* _Extracted data_
• • • •

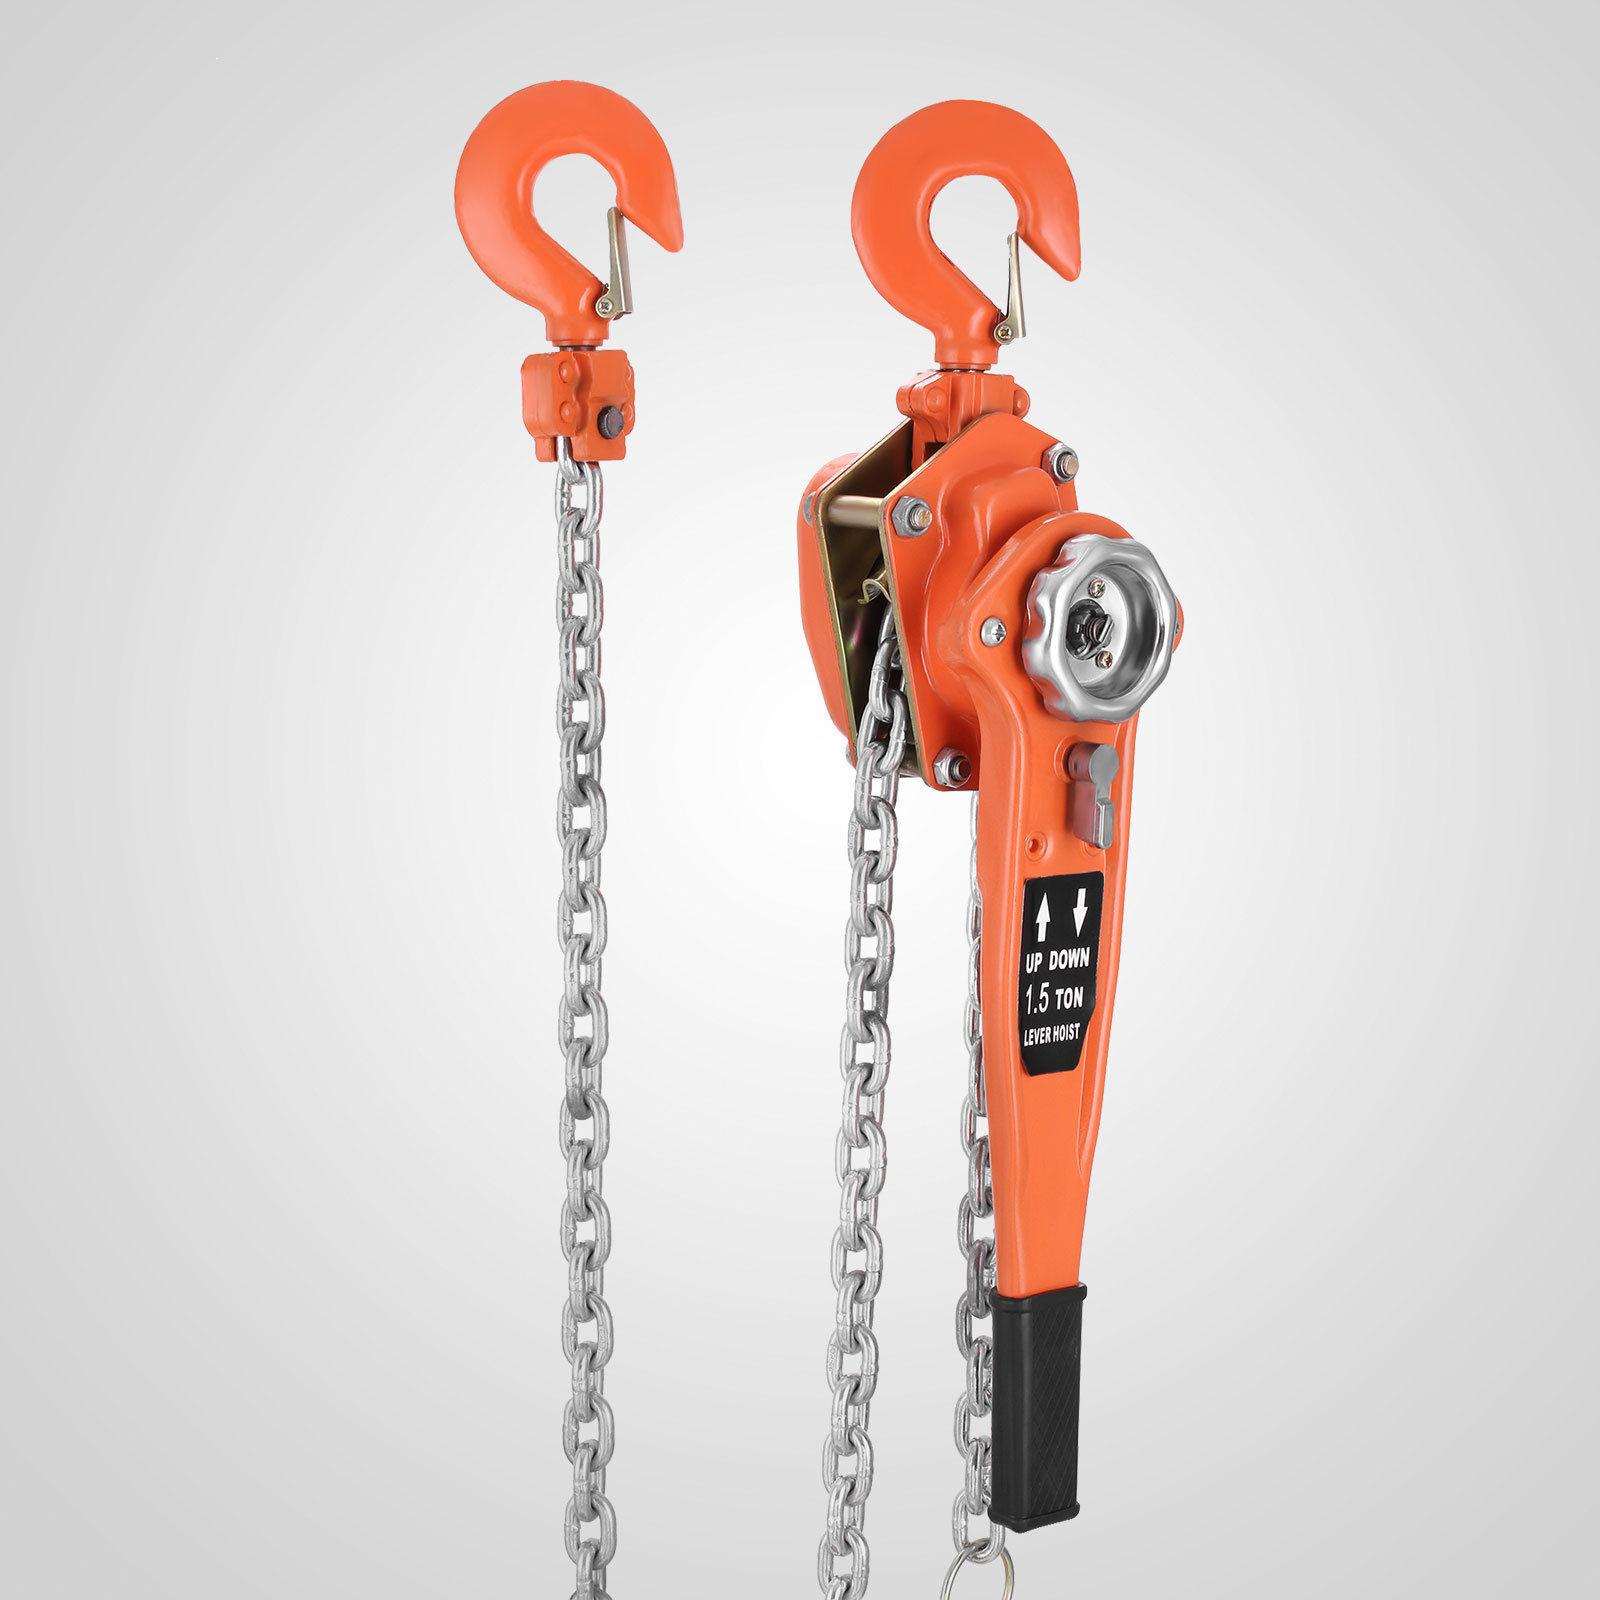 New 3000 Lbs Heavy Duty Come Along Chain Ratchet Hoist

• • • •

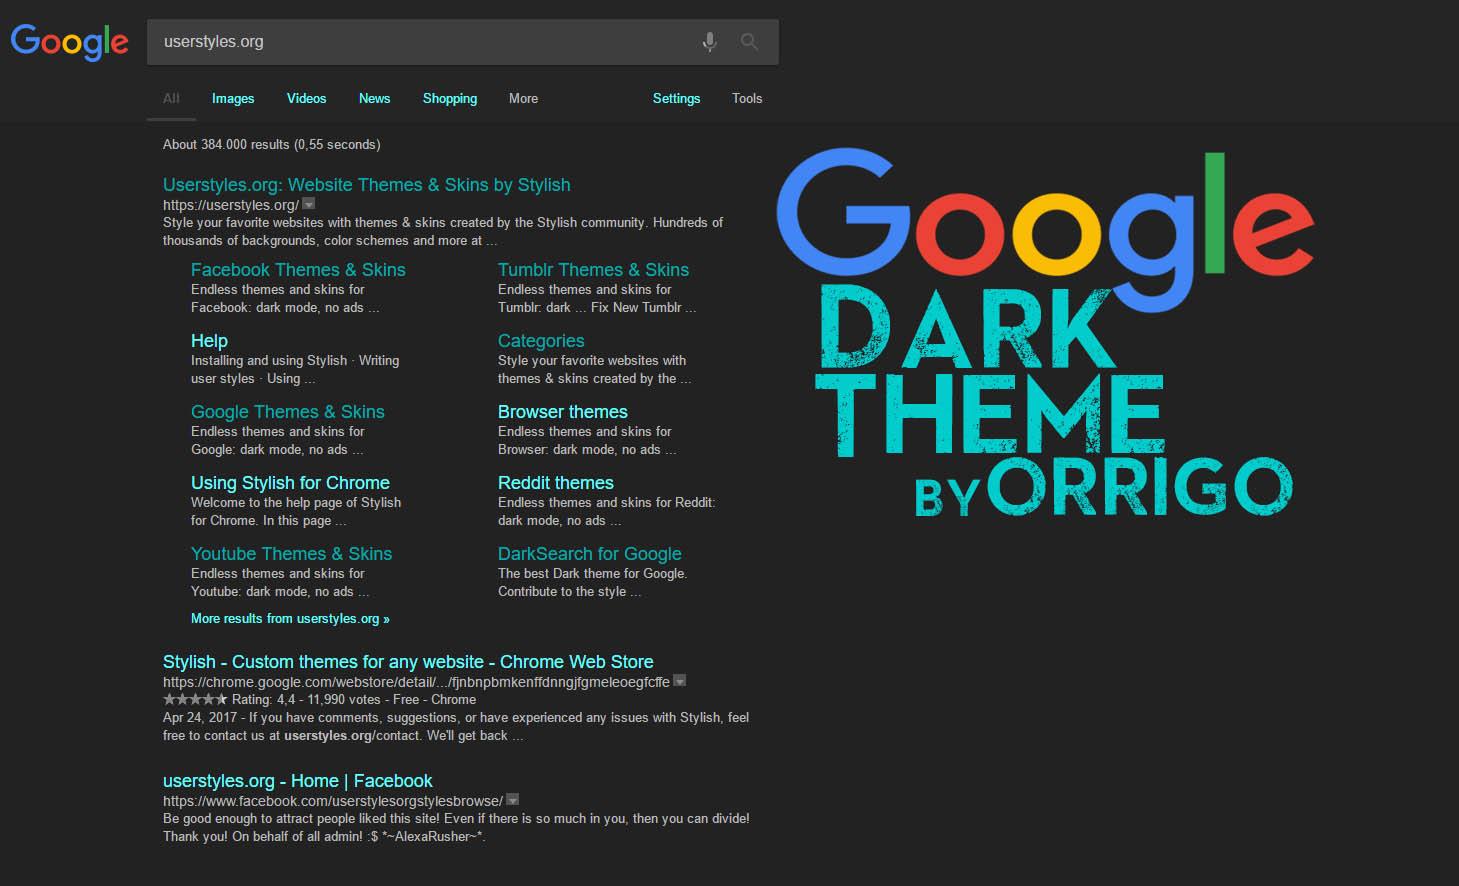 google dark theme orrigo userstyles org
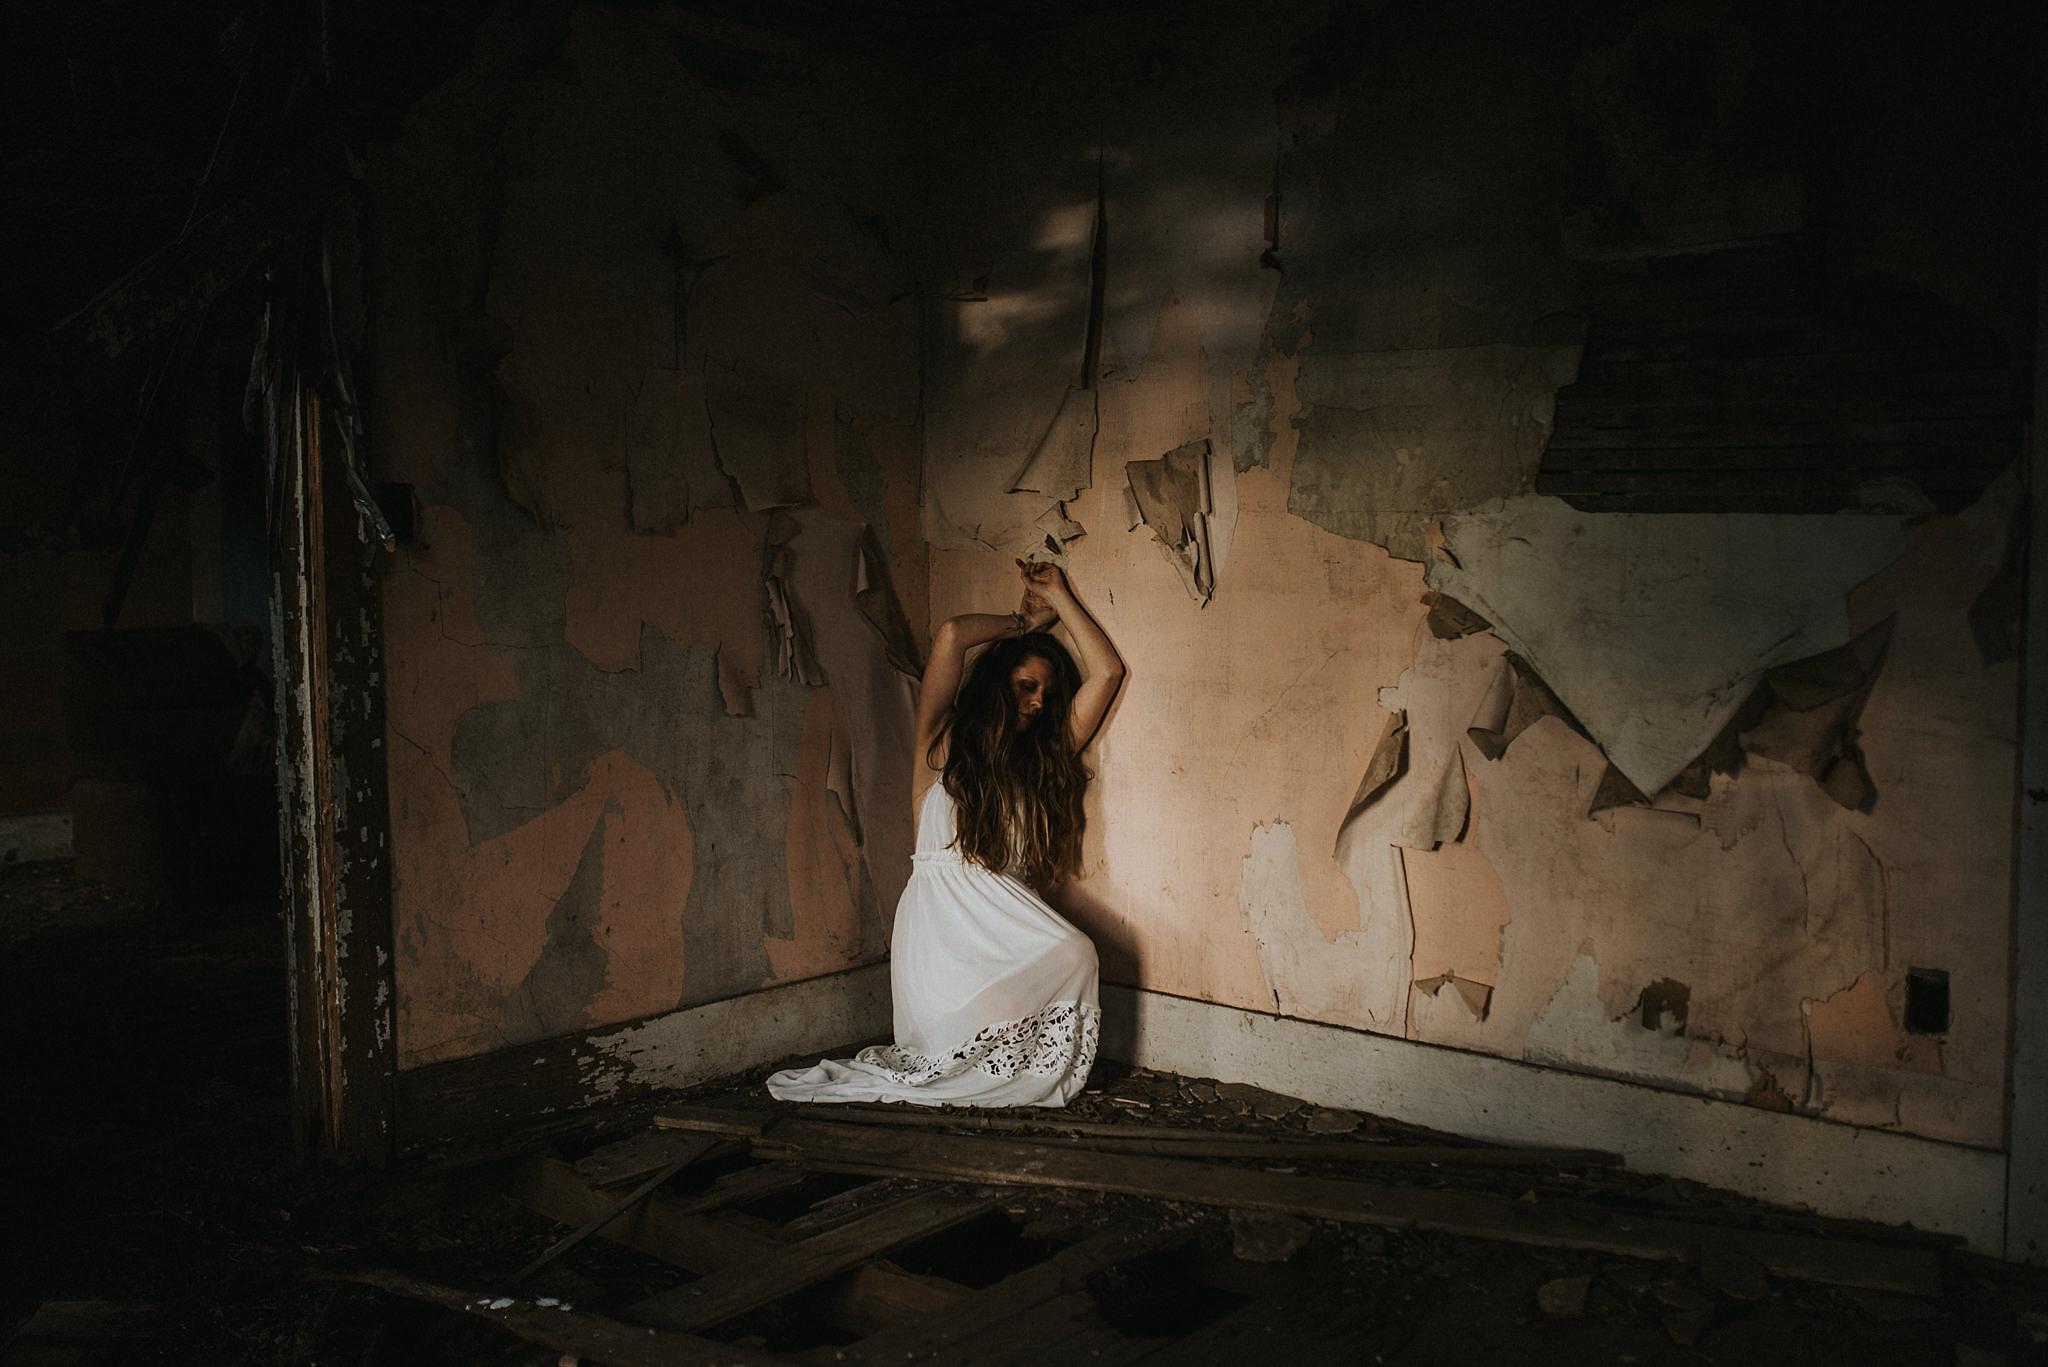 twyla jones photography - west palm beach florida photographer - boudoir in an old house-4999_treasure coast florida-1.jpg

• • • •

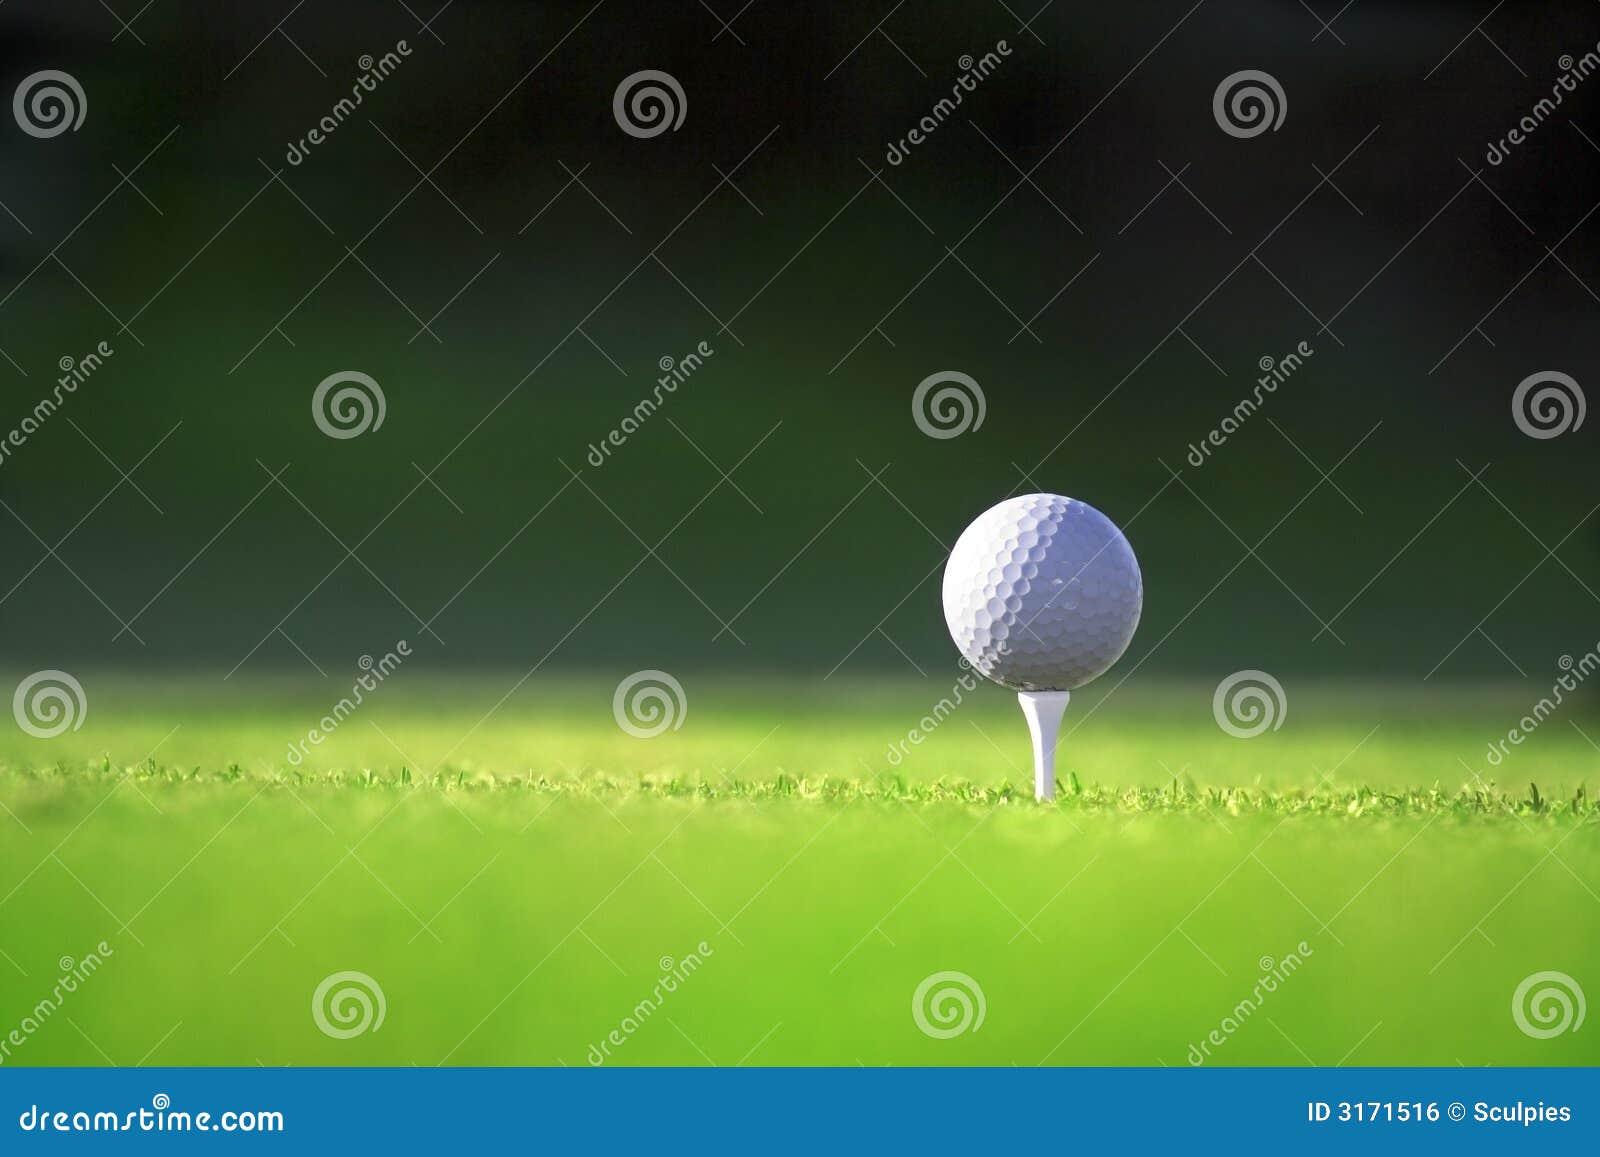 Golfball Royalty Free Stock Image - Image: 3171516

• • • •

* _The problem_
For this exercise, return exactly the lines above from the line with "google dark theme orrigo userstyles org" through the line with "twyla jones photography", both included. Do not copy the pictures.

* _Answer to the exercise_
 google dark theme orrigo userstyles org
 twyla jones photography - west palm beach florida photographer - boudoir in an old house-4999_treasure coast florida-1.jpg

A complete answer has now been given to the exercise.